Чалый взялся за телефон. И, обменявшись с Новоселом несколькими словами, которые он произнес, избегая всякого, какого бы то ни было выражения, протянул трубку Майе:

– Вас просит.

Она слушала долго, с нарастающим страданием в лице, не произнося ни слова, пока не оборвала его:

– Подождите… я сейчас приду к вам.

– Что он сказал? – нетерпеливо спросил Чалый, едва Колмогорова положила трубку.

– Он переписал глаза.

– Глаза? – Чалый переглянулся с Аней.

– Какая-то зеленая женщина… не понимаю… зеленый бред какой-то, – дрожащими пальцами Майя коснулась губы. – Зеленая женщина, она была мертва. Я сейчас от мольберта. Несколько мазков – и все ожило. Майя, ты не поверишь! Никак я не мог найти глаза. А это было рядом… все время. Почему я не нашел раньше?! Не нашел твои глаза сразу. Просто коснуться кистью. Только коснуться. И все было бы по-другому.

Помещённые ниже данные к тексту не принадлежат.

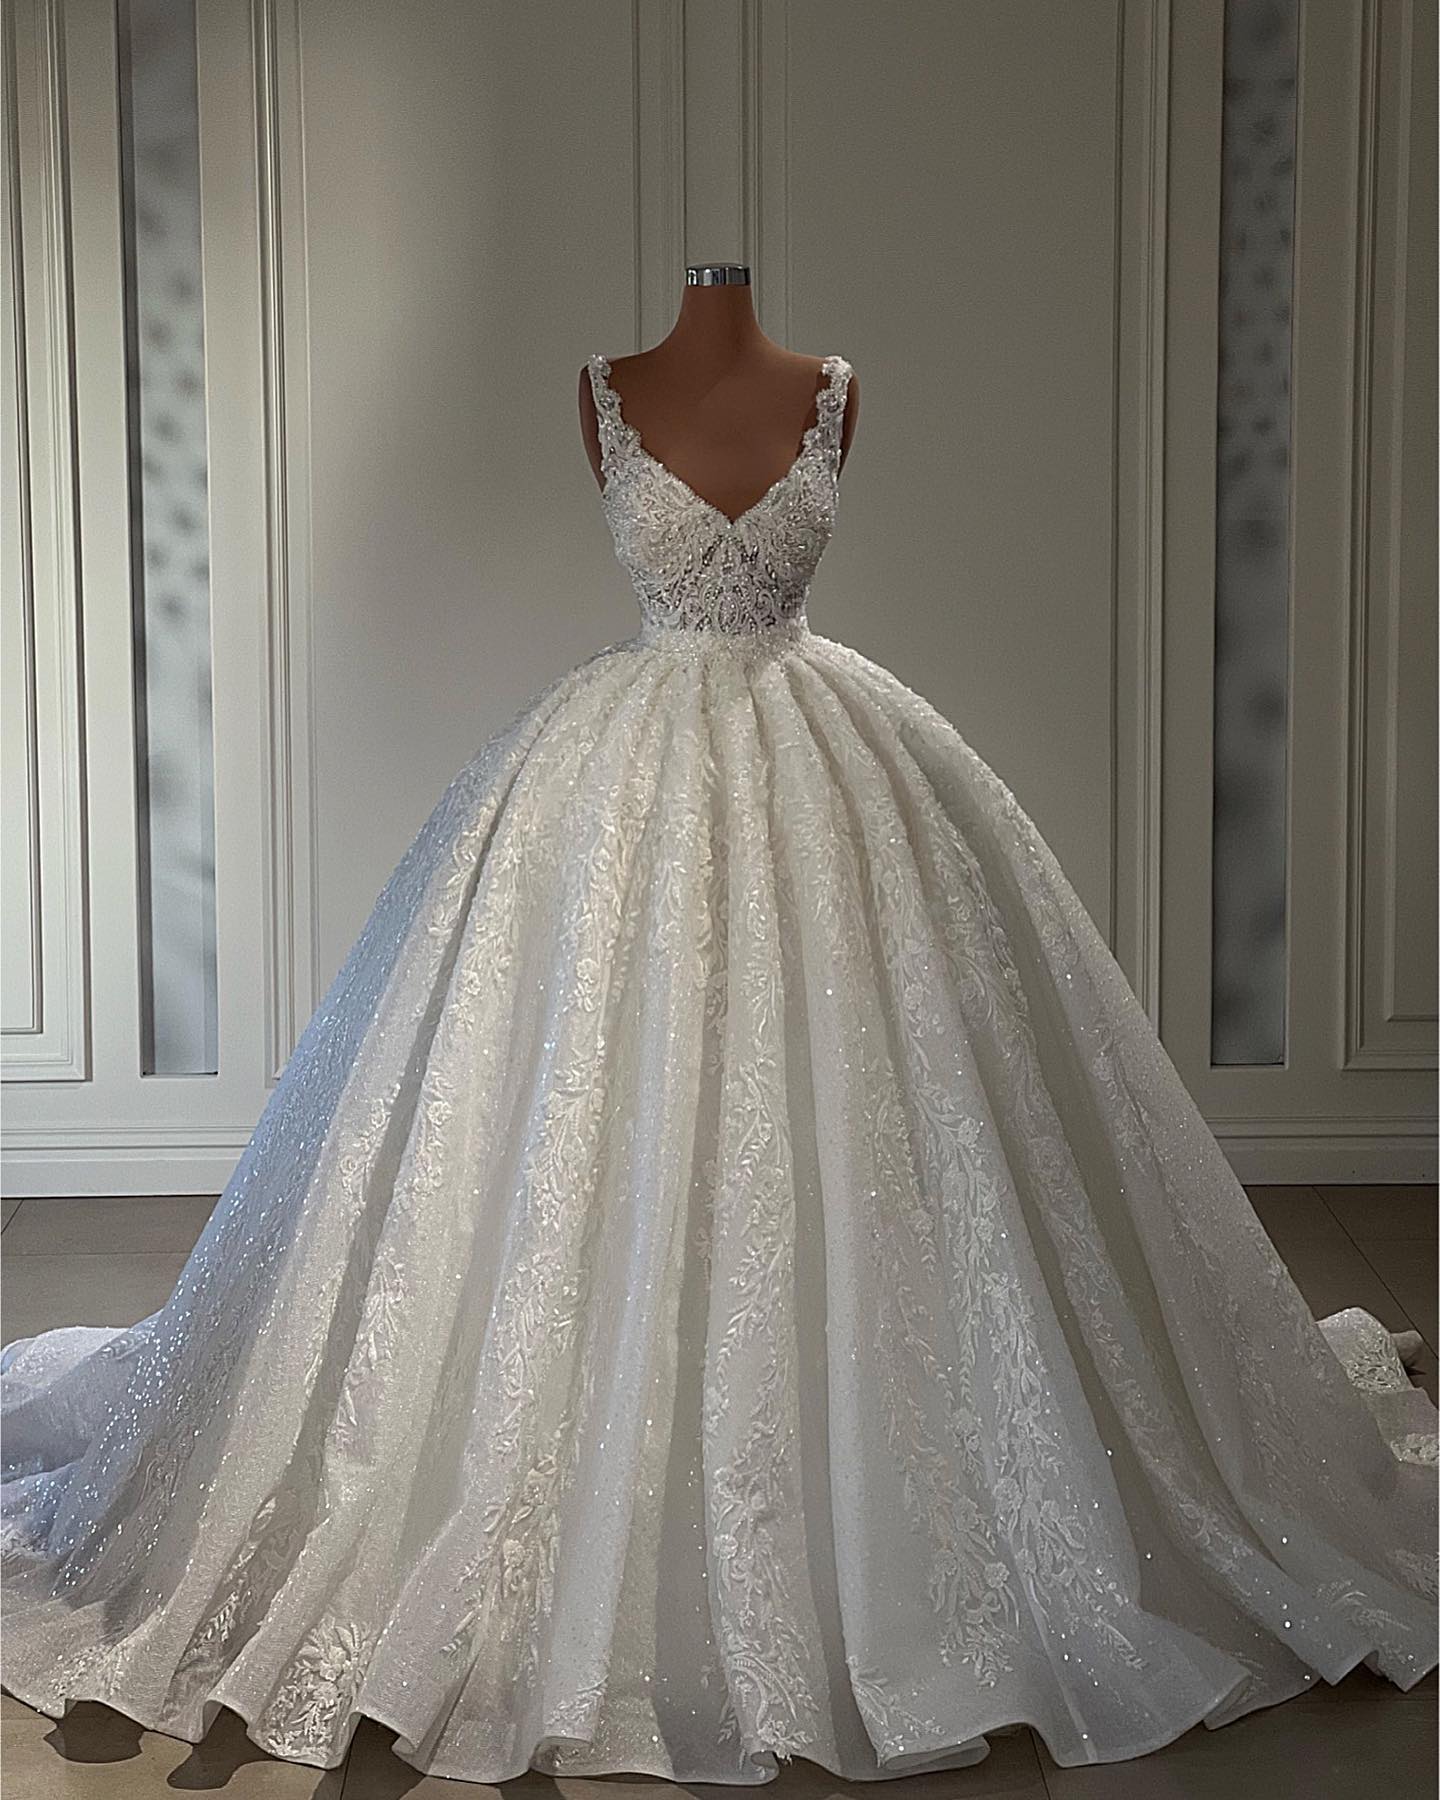 V-Neck Sleeveless Wedding Dress Ball Gown With Lace Appliques-27dress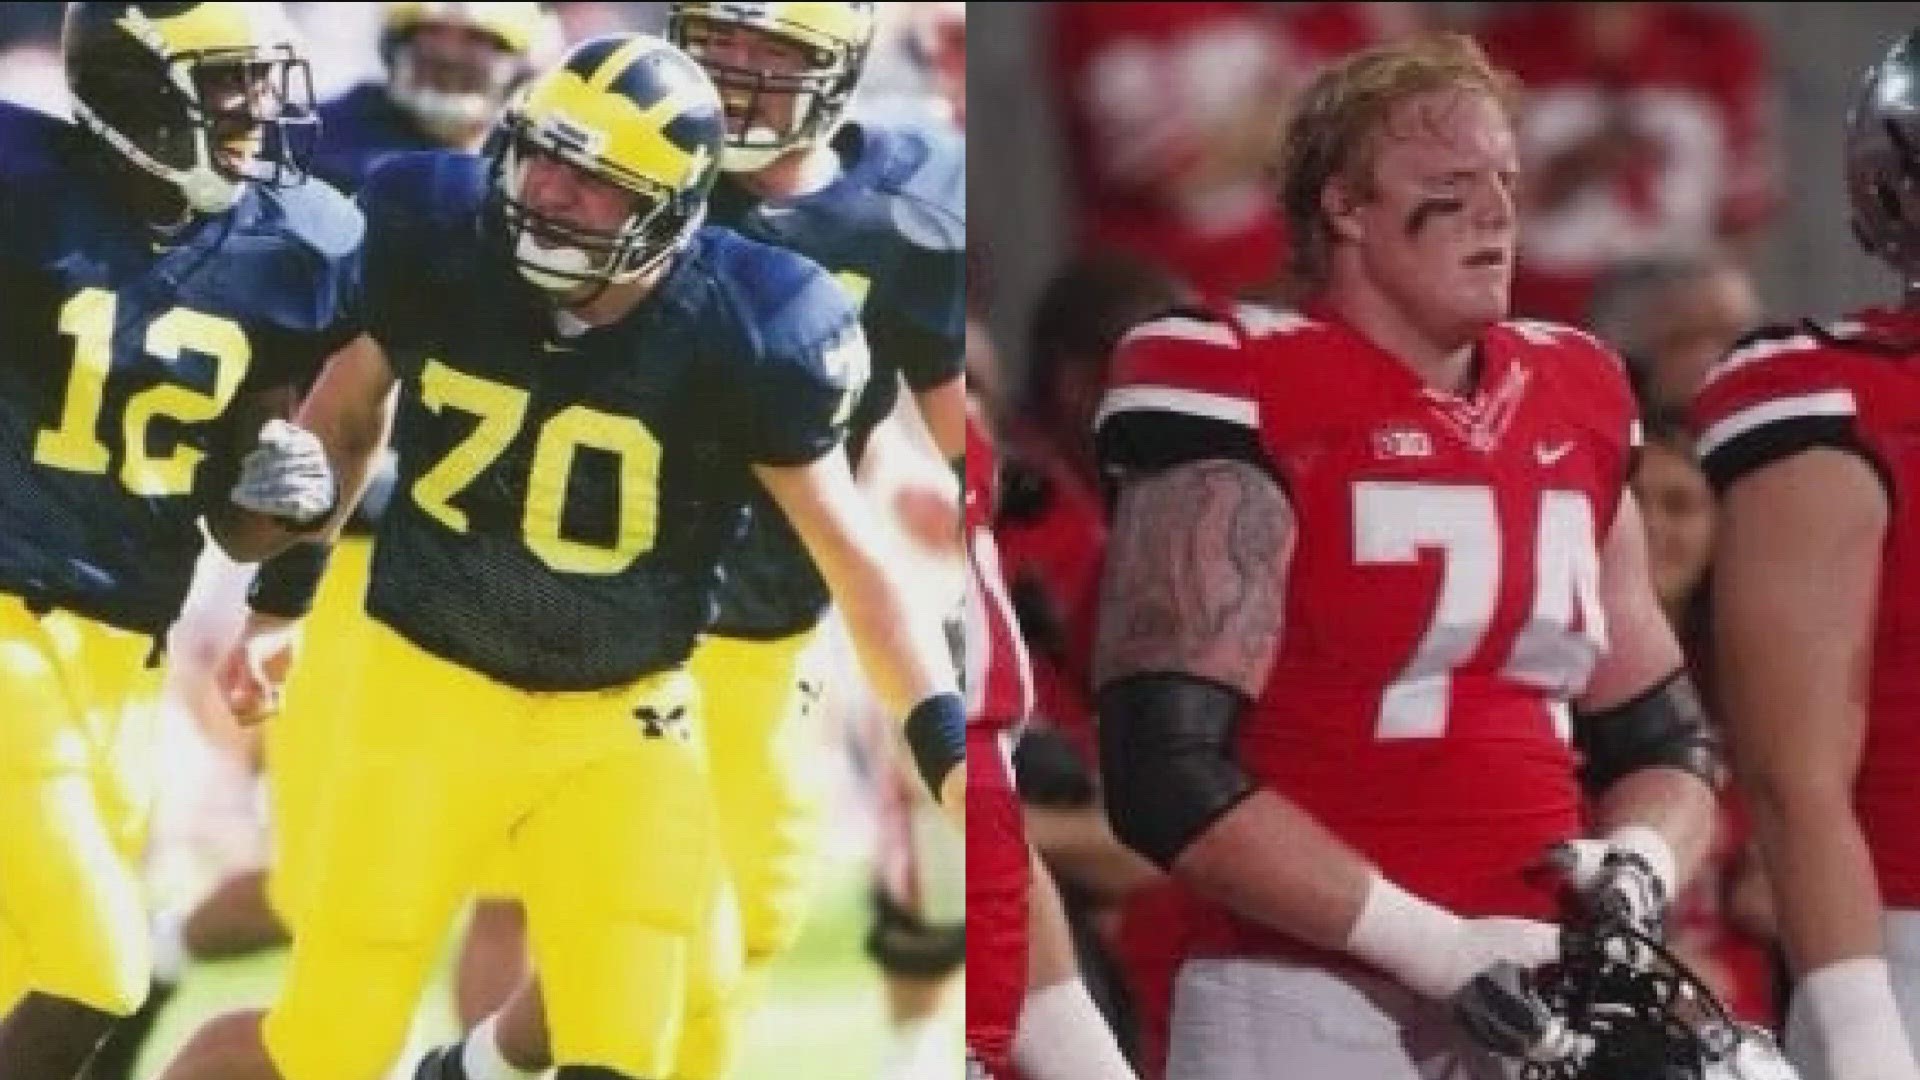 Two St. John's alumni talk about playing for Ohio State and Michigan.

Горячечную речь Новосела Майя передавала с каким-то замедленным ужасом, в оторопи, и словно ждала помощи – вот-вот ее оборвут: что ты несешь?! Она ждала понятного, чем грубее, тем лучше, возражения. Она ждала окрика. Но никто не помогал ей. Никто не проронил ни слова.

– Пойдемте, – угрюмо и даже как будто враждебно обронил Чалый.

Переходами театра прошли к мастерской. Колмогорова сказала потухшим голосом:

– Не надо, не ходите. Лучше, чтобы он меня с вами не видел.

Чалому и Ане пришлось вернуться на лестничную площадку. Поодаль, у них на глазах Колмогорова стучала в дверь.

– Генрих, это я, Майя. Откройте… – говорила она безлично, прислушивалась и снова принималась стучать: – Генрих… – Она оглянулась туда, где ждали Чалый и Аня. – Генрих!..

Но что бы Колмогорова ни говорила, Генрих не откликался.

Чалый оставил укрытие. И после короткого объяснения с Аней о ключах, решил:

– Будем ломать дверь!

Новые, самые решительные стуки, призывы не помогали, и прошло время, прежде чем принесли топор. Безжалостными ударами выламывая щепу, вгрызлись в сухое дерево, по ближним закуткам разнесся грохот. Собралась встревоженная толпа.

Когда дверь сорвалась с креплений и все ворвались в мастерскую, там никого не было.

Открытое настежь окно.

В раме пустого окна – верхушки вязов.

И всюду тот же разгром, который Аня оставила в мастерской ночью.

Чалый первый перегнулся через подоконник и заглянул вниз на улицу. Рядом с ним потянулась, затаив дыхание, Аня.